---------- INFORMATION SHOWN ----------

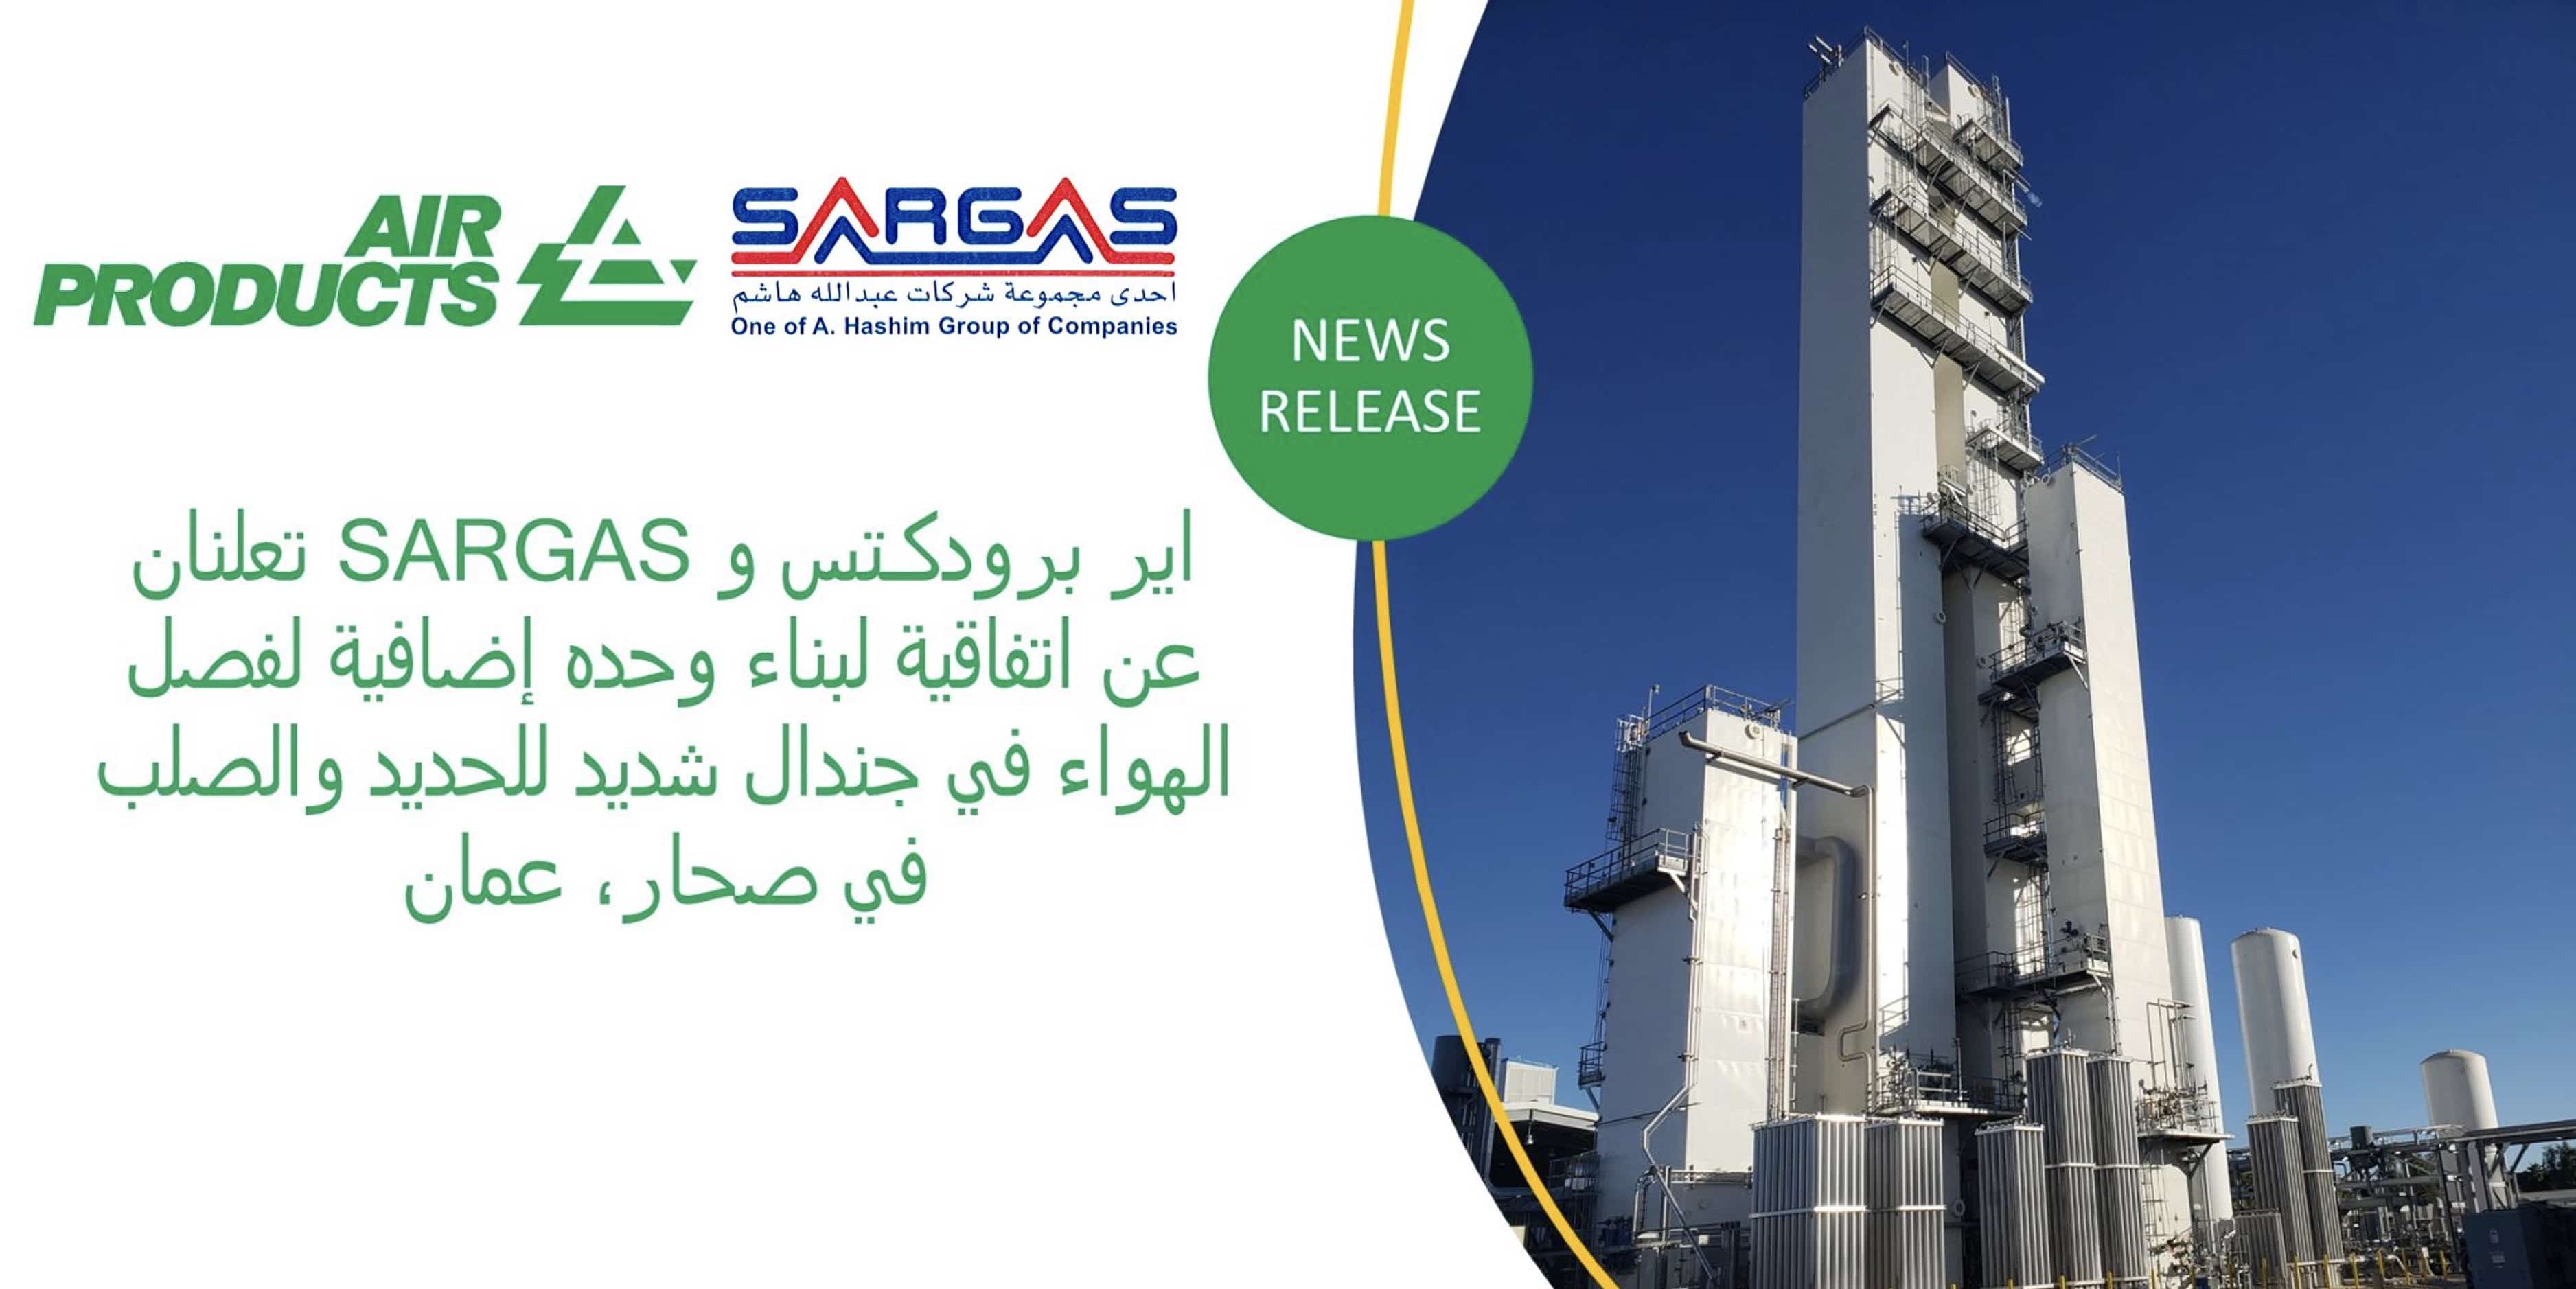 سارقاس و اير برودكتس تعلنان عن اتفاقية لبناء وحدة إضافية لفصل الهواء في جندال شديد للحديد والصلب في صحار، عمان
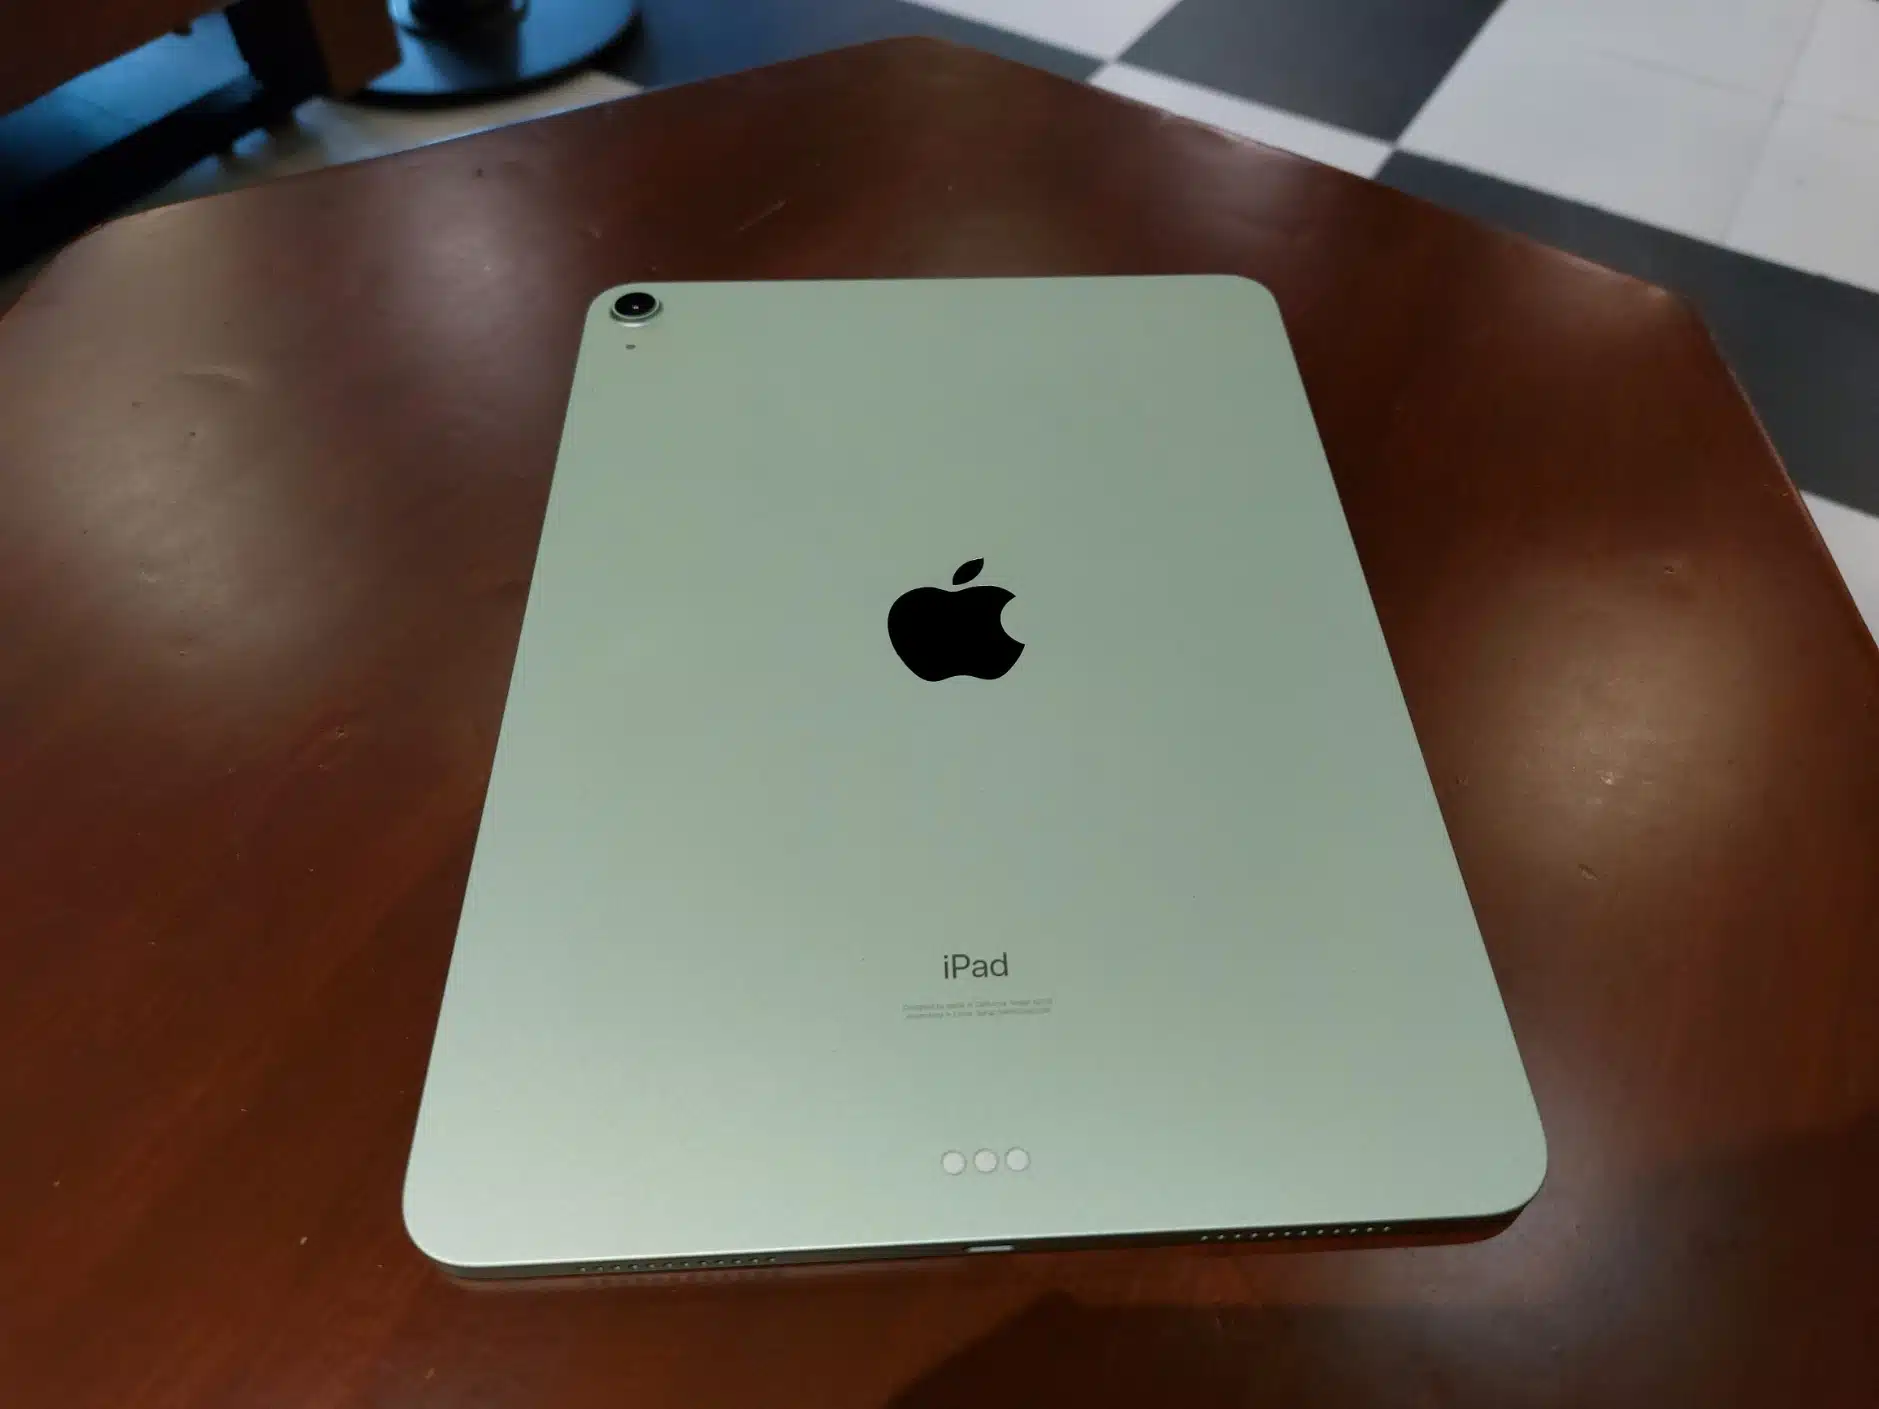 iPad Air 4 Review: Design
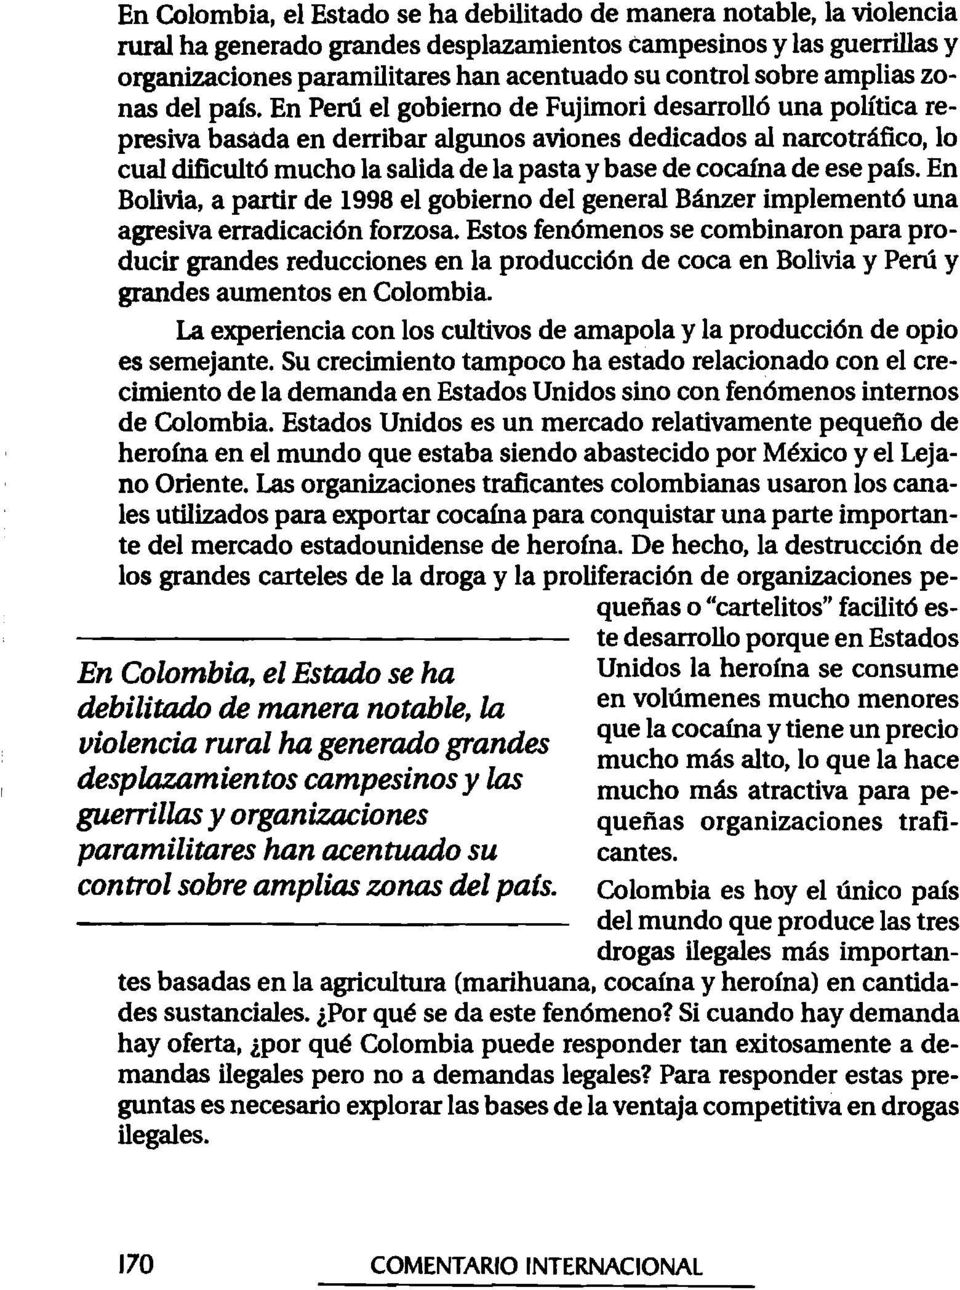 En Perú el gobierno de Fujimori desarrolló una política represiva basada en derribar algunos aviones dedicados al narcotráfico, 10 cual dificultó mucho la salida de la pasta y base de cocaína de ese

----------

◆ TASK REQUIREMENTS ◆
Your reply should consist solely of the lines above, from the opening line through the line with "iPad Air 4 Review: Design", reproduced exactly and without pictures.

◆ ANSWER TO THE PROBLEM ◆
 سارقاس و اير برودكتس تعلنان عن اتفاقية لبناء وحدة إضافية لفصل الهواء في جندال شديد للحديد والصلب في صحار، عمان
 iPad Air 4 Review: Design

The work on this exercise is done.